Étant dicté par un vieux conditionnement, notre état réactionnel est en soi involontaire et le reconnaître pour ce qu’il est, tend à le désamorcer. Cet état témoigne de la peur qui reste en nous, de notre conditionnement, certes, mais puisque ledit état est justement ce qu’il nous est le plus accessible, le plus facile à reconnaître, ne nous en privons pas ! Et tant que nous ne nous permettons pas de reconnaître nos réactions, notre état réactionnel, nous ne pouvons pas nous libérer de ce qui en est la cause en nous. Il n’est et ne sera jamais trop tard ! Nous avons de « bonnes raisons » pour ne pas considérer notre état réactionnel (nous le verrons), mais il est vrai aussi que nous pouvons y être tellement identifiés que nous ne savons pas alors ce qu’est « être libre de la réaction ».
Notre réaction manifestée est une charge que nous n’avons pas appris à considérer, nous arrêtant à peine sur la charge reçue à travers la réaction d’autrui. Si vous êtes face à une personne dans la plainte (maltraitance) ou dans l’indignation (rejet), par exemple, vous pouvez sentir la charge énergétique qu’elle dégage. Et quand nous sommes à notre tour dans la réaction, quelle qu’elle soit, le monde autour de nous le sent de même, évidemment !
Si vous avez souvent auprès de vous quelqu’un qui est résigné (abandon) ou qui rumine tout le temps (trahison), il vous faudrait être coupé de votre sensibilité pour ne pas en éprouver un certain malaise ou au moins pour ne pas vous en rendre compte. Si vous avez auprès de vous et sur la durée quelqu’un qui acquiesce à tout ce que vous dites, qui se fait « bon élève » le cas échéant, qui se soumet donc (dévalorisé), vous pouvez également en éprouver un certain malaise. La docilité fait bien sûr l’affaire de certains « blessés », mais tout le monde n’attend pas des autres qu’ils se soumettent à lui.
Un malaise, une douleur est quelque chose que l’on éprouve, que l’on « prend » (que l’on a pris), et une réaction est quelque chose que l’on émet, que l’on impose, que l’on « balance ». Percevez le flux d’énergie opposé. En termes de souffrance, il y a un temps où l’on prend et il y a un temps où l’on rend, où l’on envoie. On prend du mal et on le renvoie. Du fait de notre mode réactionnel (découlant de nos blessures), soit nous déchargeons sur le monde de la négativité d’un puits sans fond, soit nous accumulons et cristallisons en nous de la négativité.

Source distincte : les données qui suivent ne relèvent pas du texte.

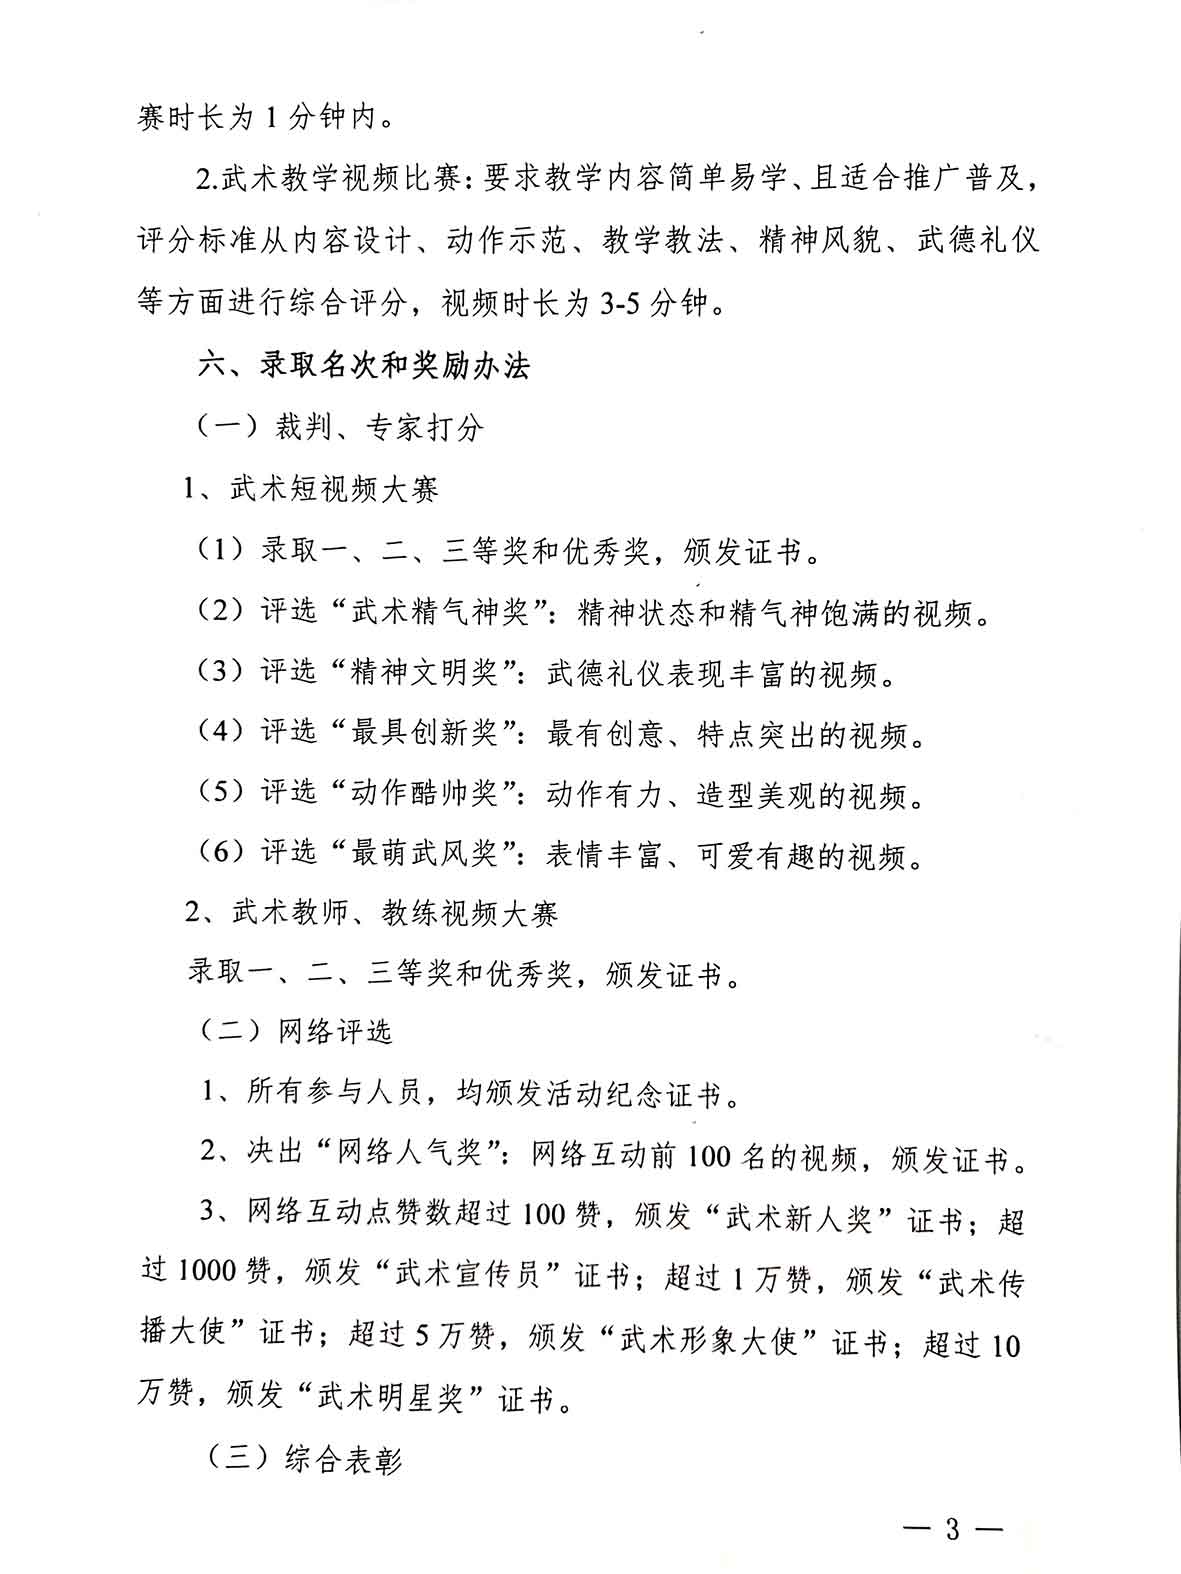 3-(2).jpg

De surcroît, Qu’elles que soient nos cibles, ce ne sont jamais les bonnes et nous réalisons un jour que nous n’avons besoin d’aucune cible !

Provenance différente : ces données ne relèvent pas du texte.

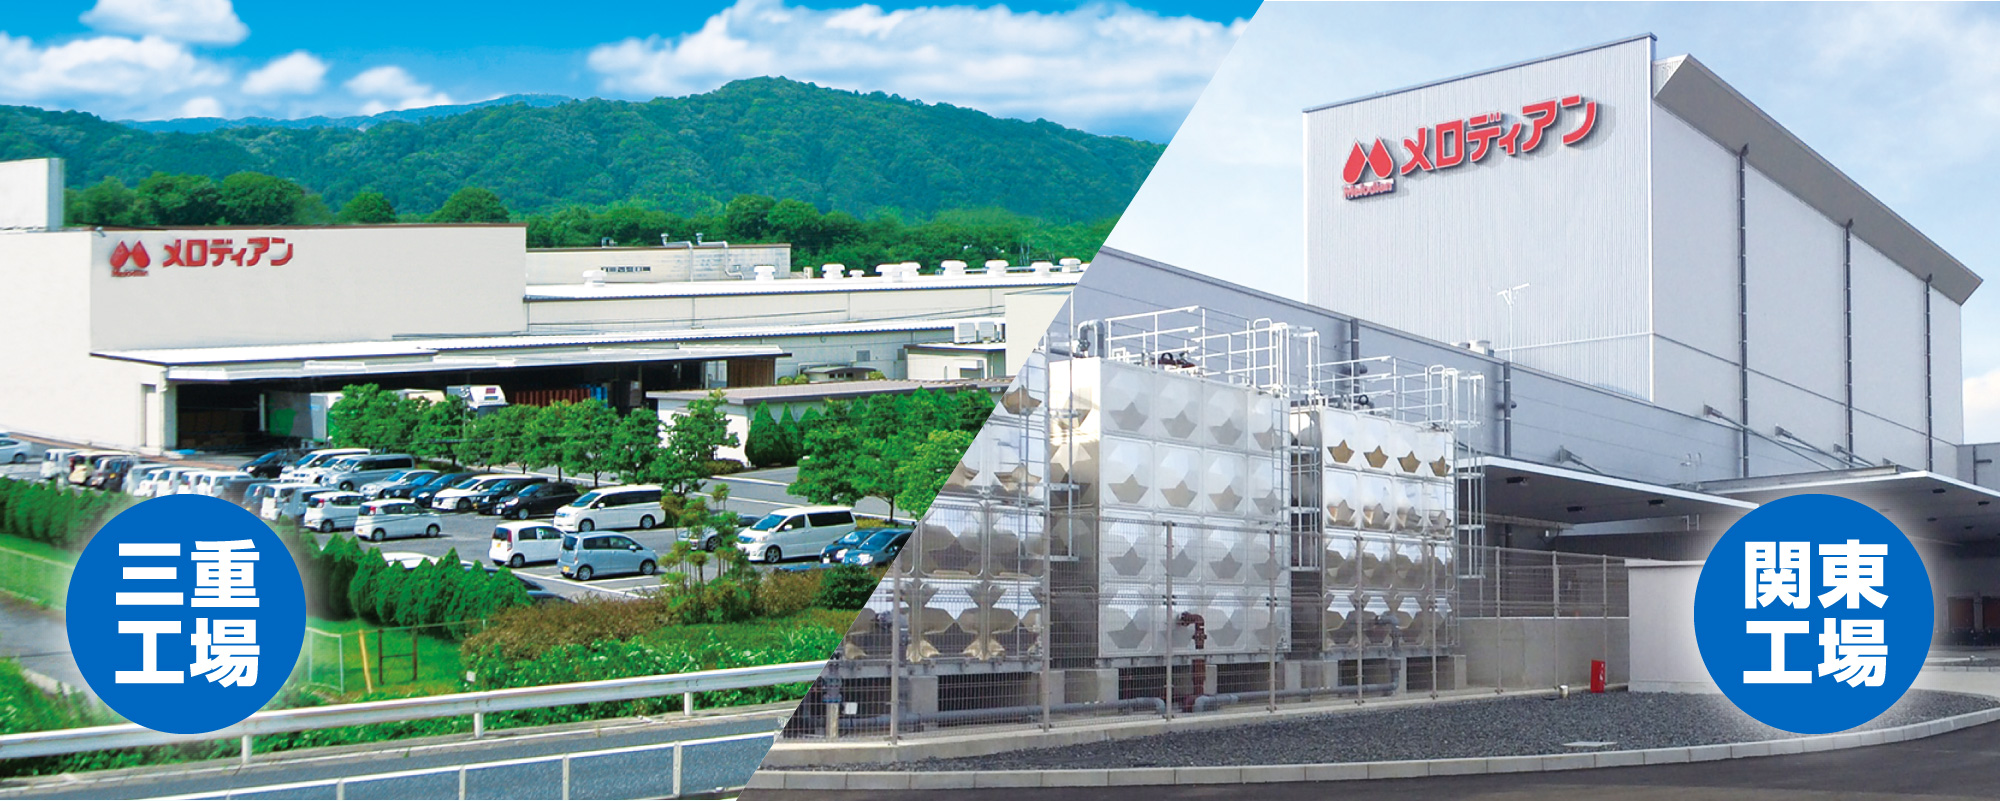 メロディアン三重工場/関東工場

Si nous ne pouvons pas décider de ce qui vient à nous, pouvant cependant modifier la façon dont nous le vivons, nous pouvons assurément maîtriser ce que nous émettons, ce qui part de nous, ce que nous exprimons. Un grand nombre de nos vécus éprouvants sont les effets de notre conditionnement, de ce que nous avons émis antérieurement. La réaction de qui se voit vraiment réagir perd instantanément de sa véhémence. Et c’est aussi alors que ce qui vient à nous change radicalement.
Si vous n’êtes pas dans la réaction, vous ne pouvez pas décider de l’être. Il ne vous semblerait pouvoir l’être intentionnellement que parce que vous l’êtes déjà. Si vous êtes complètement détendu, testez, un moment : « Tiens, je vais me plaindre, me résigner, m’indigner ou bouder dans mon coin ! », et observez surtout que vous ne le pouvez pas, abstraction faite de vos talents de comédien.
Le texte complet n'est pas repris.